Data for review Start Marker

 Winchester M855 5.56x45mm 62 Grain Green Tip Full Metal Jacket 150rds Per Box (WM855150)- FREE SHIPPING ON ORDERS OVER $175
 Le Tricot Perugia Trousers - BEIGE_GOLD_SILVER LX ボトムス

Data for review End Marker
Data for review Start Marker

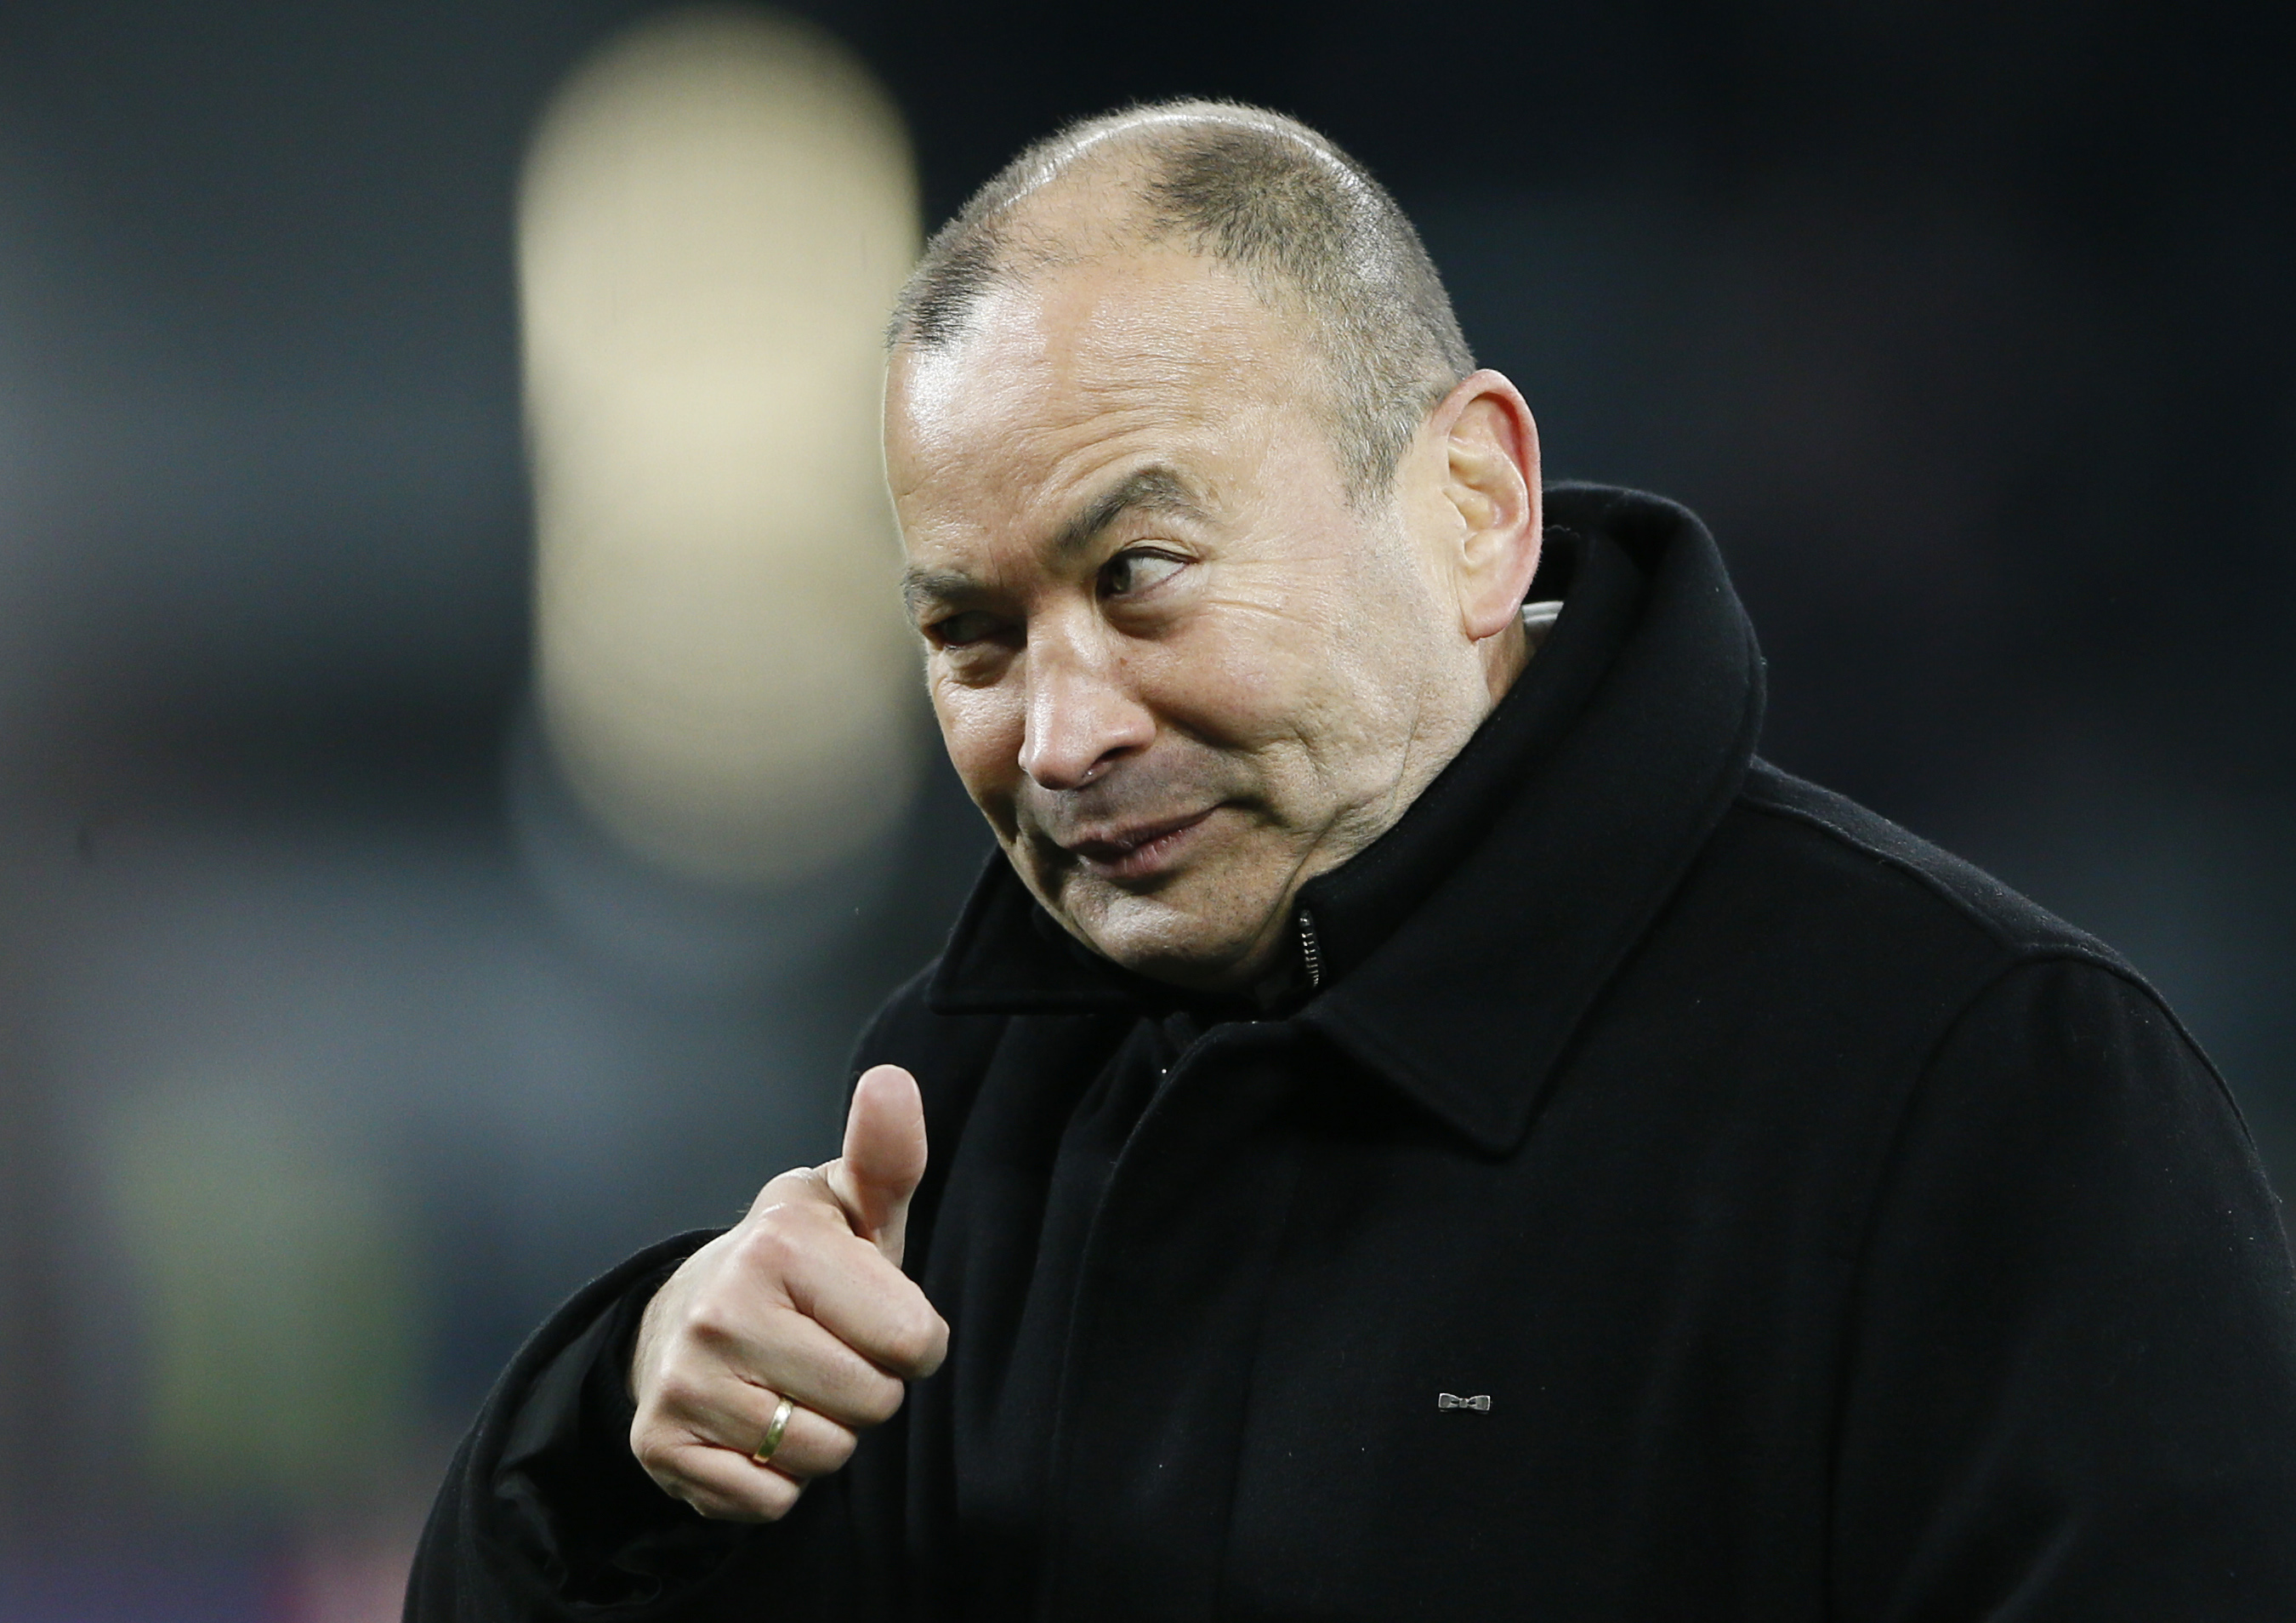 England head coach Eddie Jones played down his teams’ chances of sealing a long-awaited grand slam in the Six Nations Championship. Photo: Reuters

Data for review End Marker

▶ _Exercise aim_: In the listing above, find the line holding "Winchester M855 5.56x45mm" and the line holding "Le Tricot Perugia", then output those two lines and every line between them exactly.

▶ _Answer space_:
 Winchester M855 5.56x45mm 62 Grain Green Tip Full Metal Jacket 150rds Per Box (WM855150)- FREE SHIPPING ON ORDERS OVER $175
 Le Tricot Perugia Trousers - BEIGE_GOLD_SILVER LX ボトムス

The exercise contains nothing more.